Speaking of new papers, I'm glad to have finally gotten my paper on Privatization and the Law and Economics of Political Advocacy out the door and submitted to law reviews. The paper is available from SSRN, and so is the companion technical paper.

(The companion technical paper is called Privatization, Free-Riding, and Industry-Expanding Lobbying. I definitely encourage you to read the plain-English paper, but I only encourage you to read the technical paper if you want the same idea expressed formally, with math and greek symbols.)

Here's the abstract of the plain-English paper:

A common argument against privatization is that private providers will self-interestedly lobby to increase the size of their market. In this Article, I evaluate this argument, using, as a case study, the argument against prison privatization based on the possibility that the private prison industry will distort the criminal law by advocating for incarceration.

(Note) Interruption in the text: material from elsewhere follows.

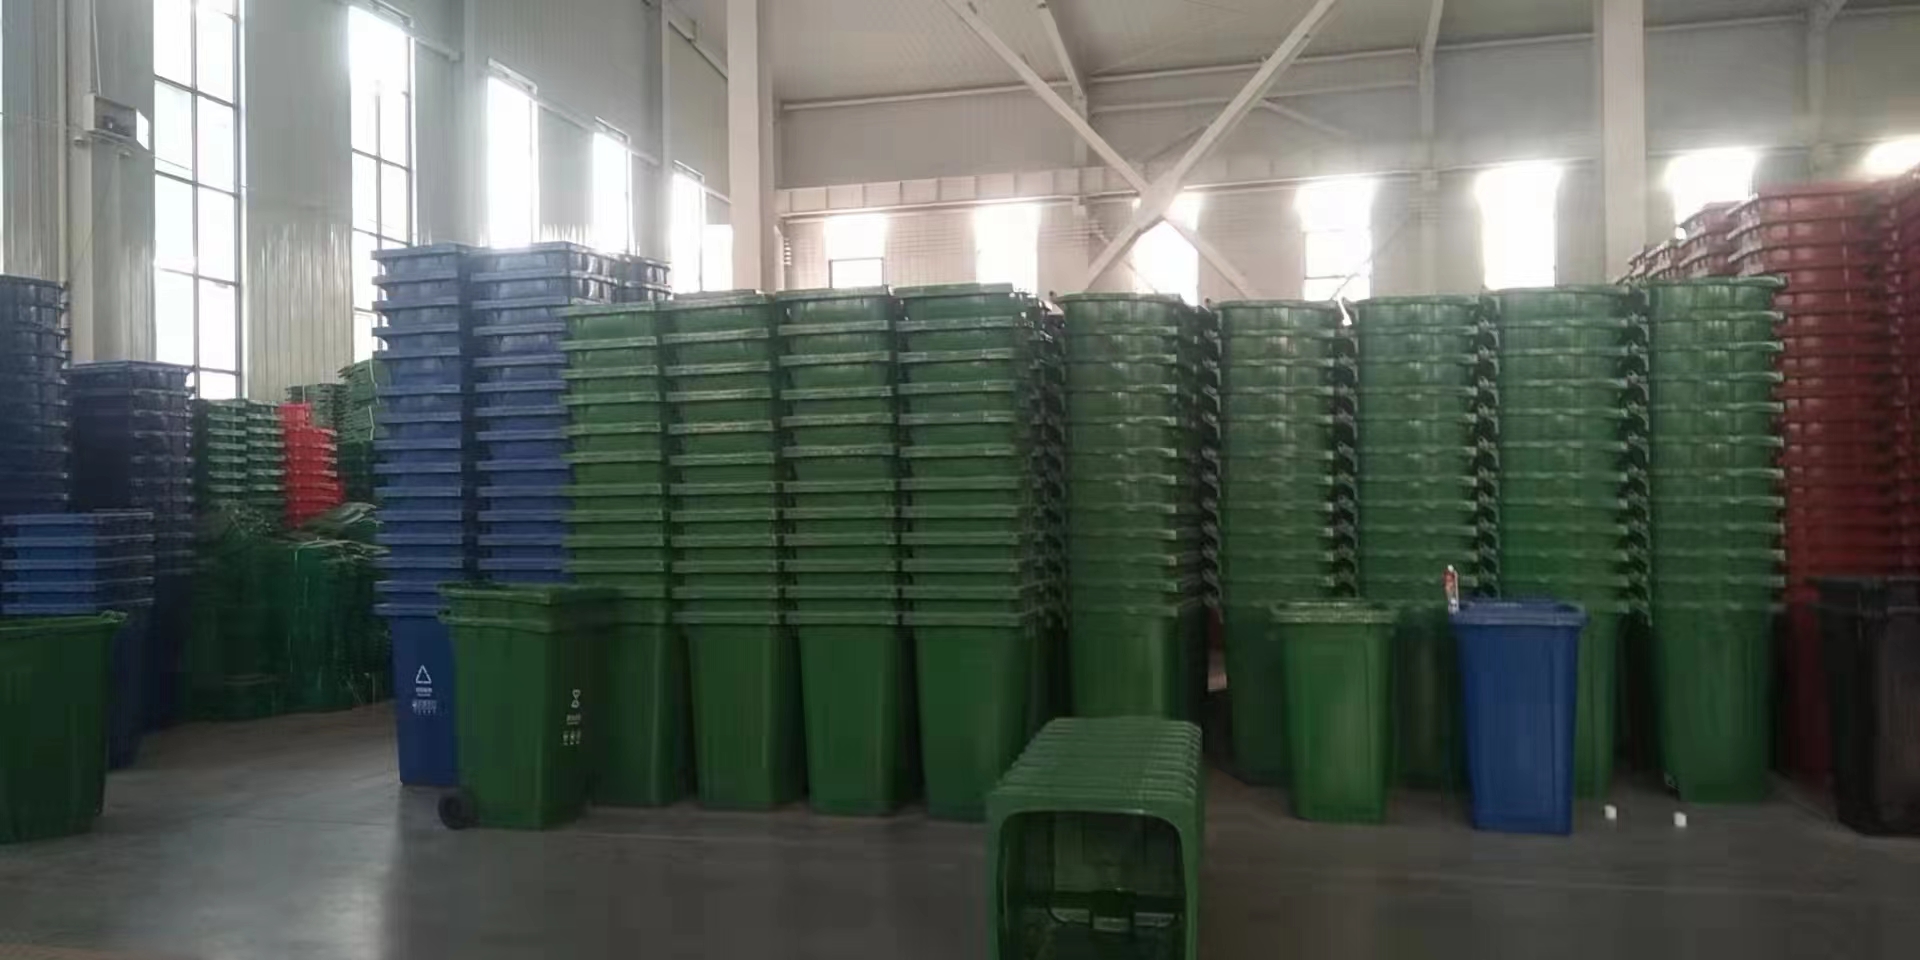 北京环卫垃圾桶密封不漏水垃圾桶公园  塑料垃圾桶

I conclude that there is at present no particular reason to credit this argument. Even without privatization, government agents already lobby for changes in substantive law — in the prison context, for example, public corrections officer unions are active advocates of pro-incarceration policy. Against this background, adding the "extra voice" of the private sector will not necessarily increase either the amount of industry-increasing advocacy or its effectiveness. In fact, privatization may well reduce the industry's political power: Because advocacy is a "public good" for the industry, as the number of independent actors increases, the largest actor's advocacy decreases (since it no longer captures the full benefit of its advocacy) and the smaller actors free-ride off the largest actor's contribution. Under some plausible assumptions, therefore, privatization may actually decrease advocacy, and under different plausible assumptions, the net effect of privatization on advocacy is ambiguous.

The argument that privatization distorts policy by encouraging lobbying is thus unconvincing without a fuller explanation of the mechanics of advocacy.

And I've finally gotten it down to just under 25,000 words. As a former editor of my mother's once said, shortening only makes it better.